Traditional Scottish Songs
- A Song of the Country

John Stuart Blackie (1809–1895) was a Scottish scholar and man of letters. He was born in Glasgow and educated at the New Academy and afterwards at the Marischal College, in Aberdeen, where his father was manager of the Commercial Bank. After rejecting a career in the church and then becoming a lawyer, his love of the classics and letters in general, led to him being appointed to the newly-instituted chair of Humanity (Latin) in the Marischal College. His enthusiastic lecturing style and a translation of Aeschylus, which he published in 1850, brought him to the attention of Edinburgh University and in 1852 he was appointed there to the professorship of Greek, in succession to George Dunbar, a post which he held for thirty years.

He had a sympathy for highland home life and the grievances of the crofters there.
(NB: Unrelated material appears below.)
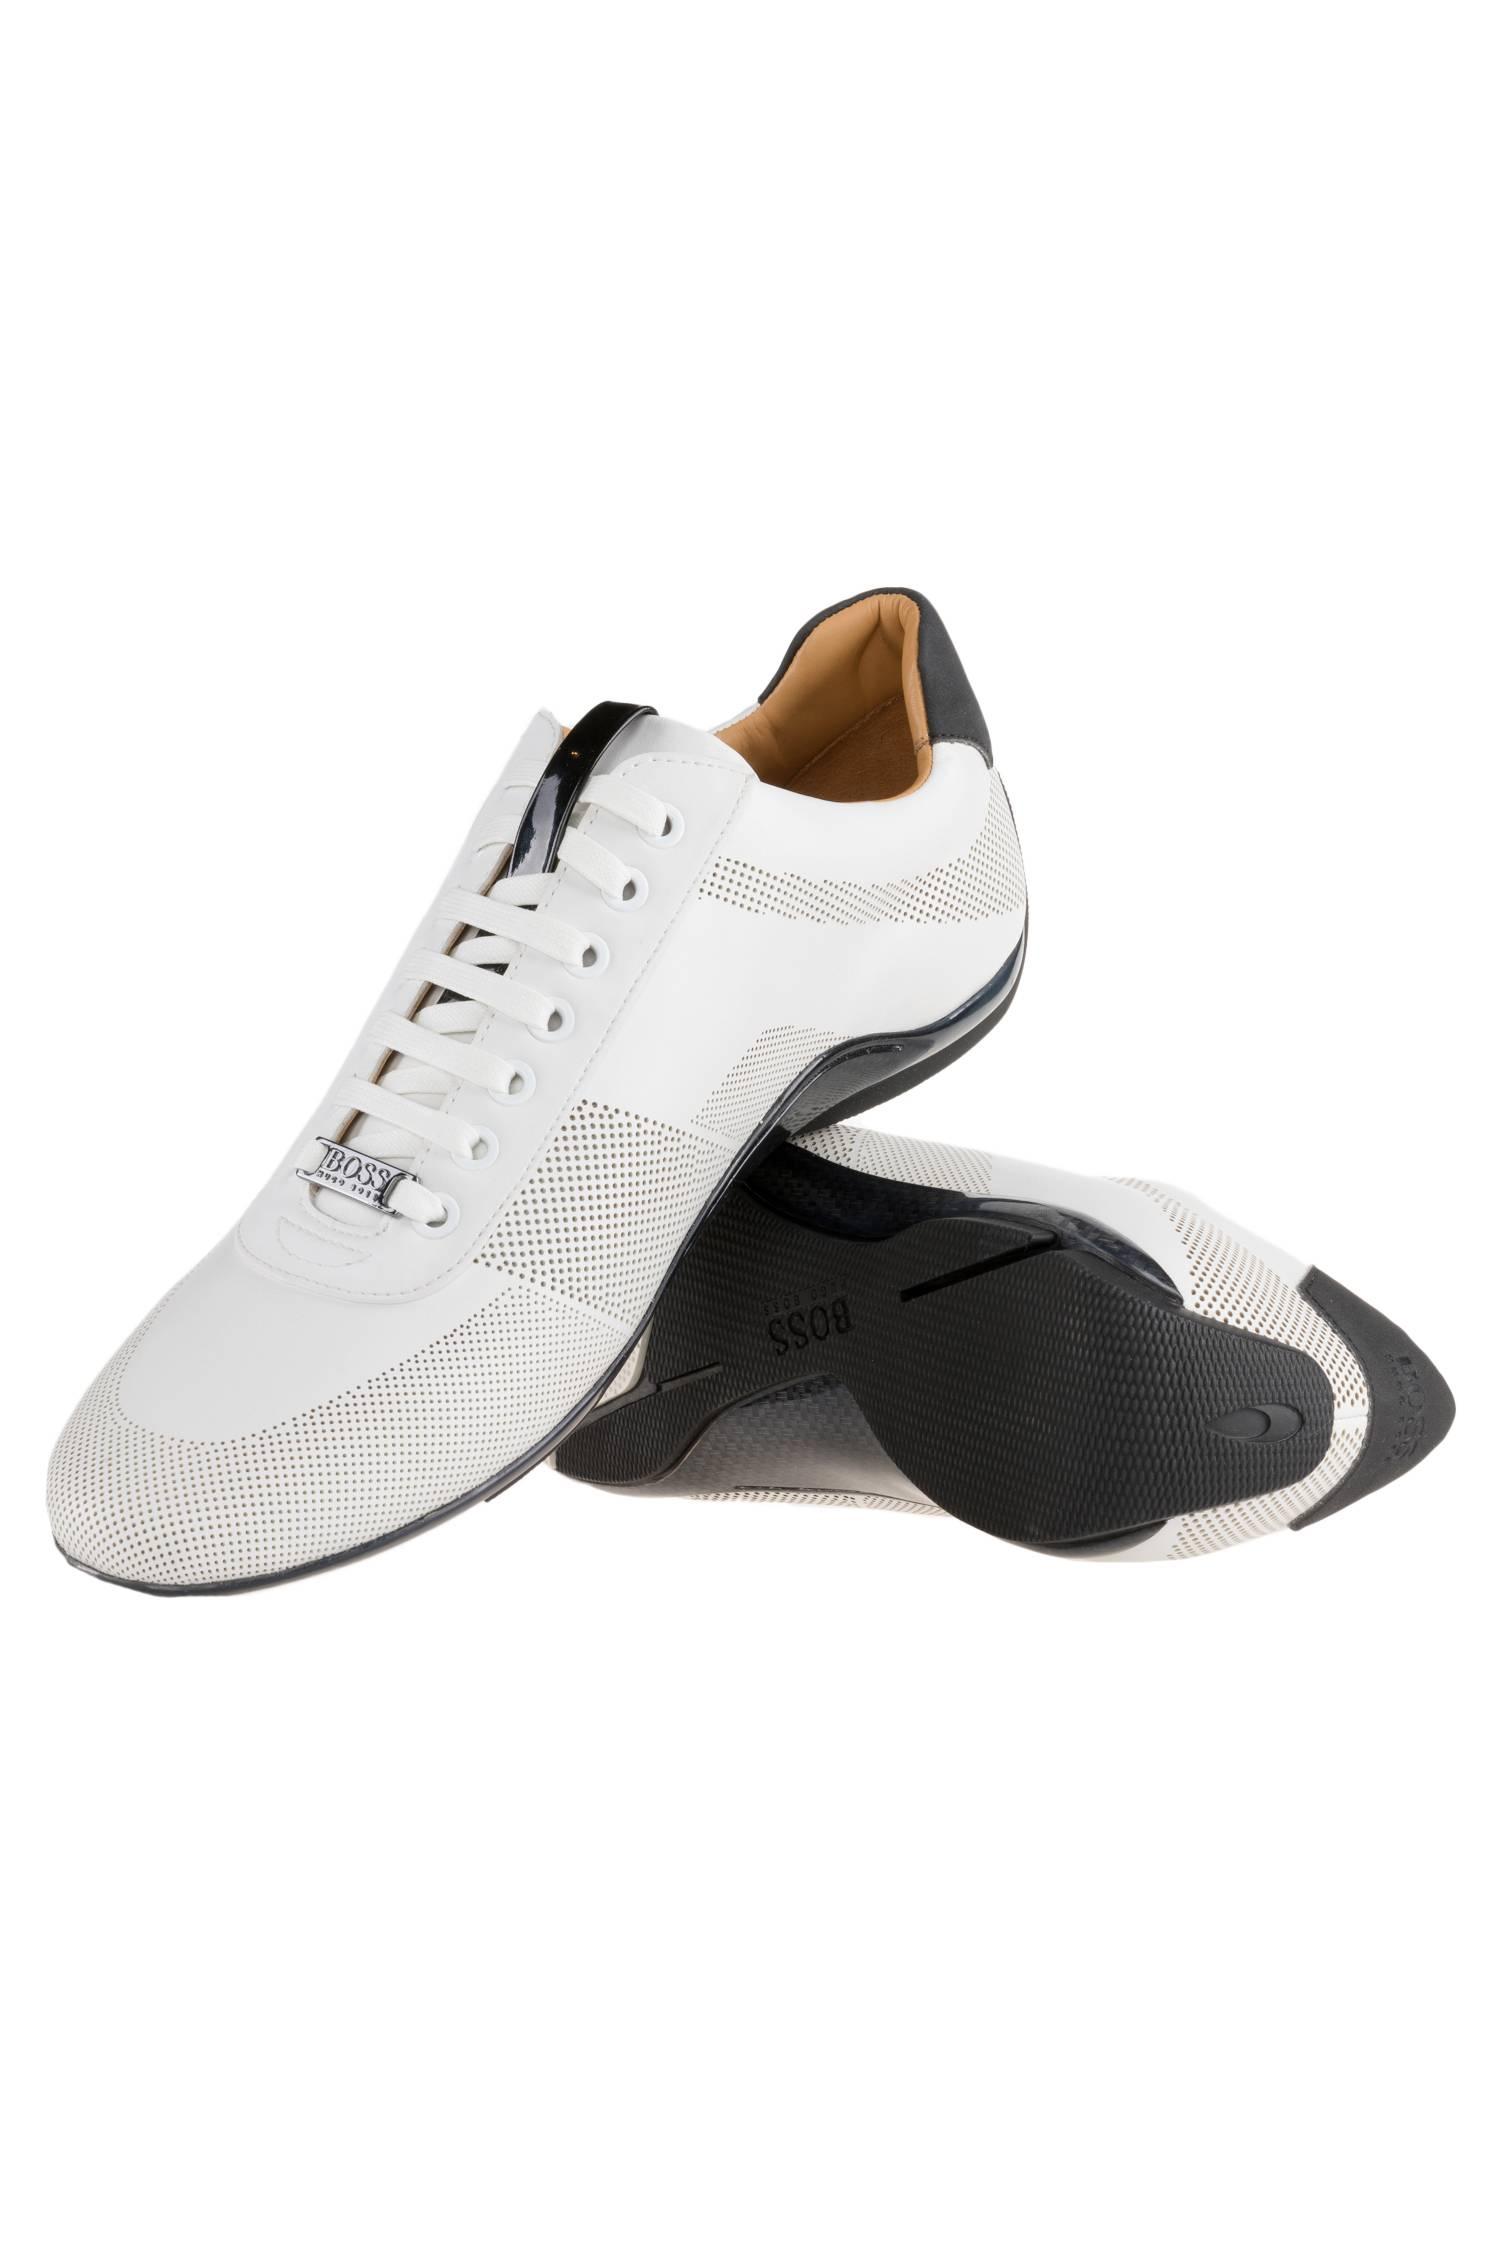 pretty nice 14d74 b7554 ... Mens Nike Zoom SPRDN 11 Metallic Silver Silver Silver Black Red White  Running Shoes 876267- ...
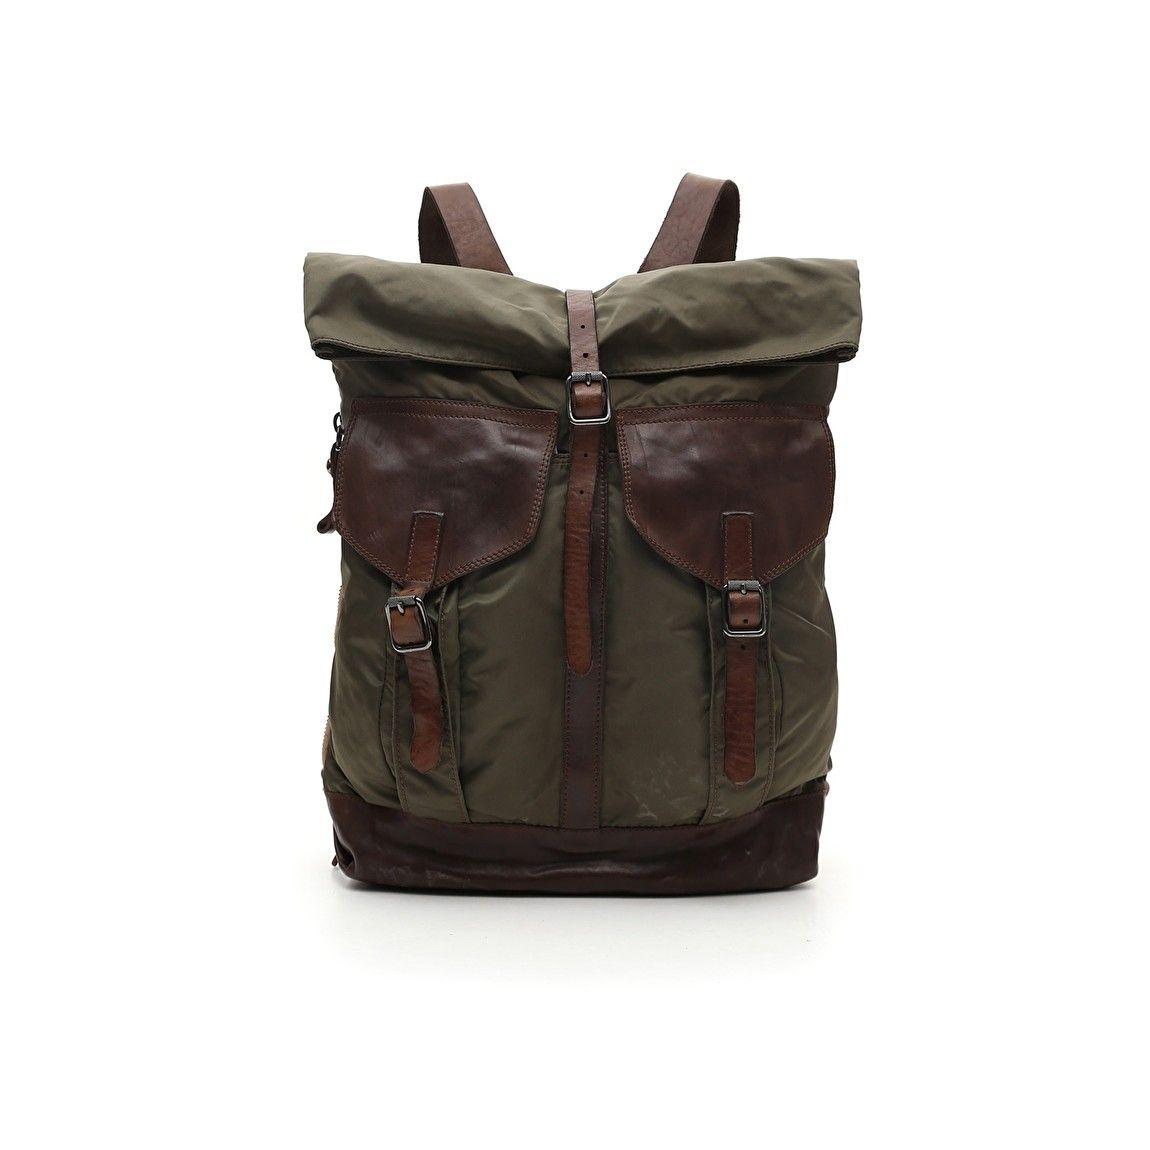 CAMPOMAGGI - Rucksack - Backpack - Military / Brown

This "Song of the Country" pushes all the buttons and levers for country life in preference to "the dust and the din of the town".


A Song of the Country

Away from the roar and the rattle,
    The dust and the din of the town,
Where to live is to brawl and to battle,
    Till the strong treads the weak man down!
Away to the bonnie green hills
    Where the sunshine sleeps on the brae,
And the heart of the greenwood thrills
    To the hymn of the bird on the spray.

Away from the smoke and the smother,
    The veil of the dun and the brown,
The push and the plash and the pother,
    The wear and the waste of the town!
Away where the sky shines clear,
    And the light breeze wanders at will,
And the dark pine-wood nods near
    To the light-plumed birch on the hill.

Away from the whirling and wheeling,
    And steaming above and below,
Where the heart has no leisure for feeling
    And the thought has no quiet to grow.
Away where the clear brook purls,
    And the hyacinth droops in the shade,
And the plume of the fern uncurls
    Its grace in the depth of the glade.

Away to the cottage so sweetly
    Embowered 'neath the fringe of the wood,
Where the wife of my bosom shall meet me
    With thoughts ever kindly and good;
More dear than the wealth of the world,
    Fond mother with bairnies three,
And the plump-armed babe that has curled
    Its lips sweetly pouting for me.

Then away from the roar and the rattle
    The dust and the din of the town,
Where to live is to brawl and to battle
    Till the strong treads the weak man down.
Away where the green twigs nod
    In the fragrant breath of the May,
And the sweet growth spreads on the sod,
    And the blithe birds sing on the spray.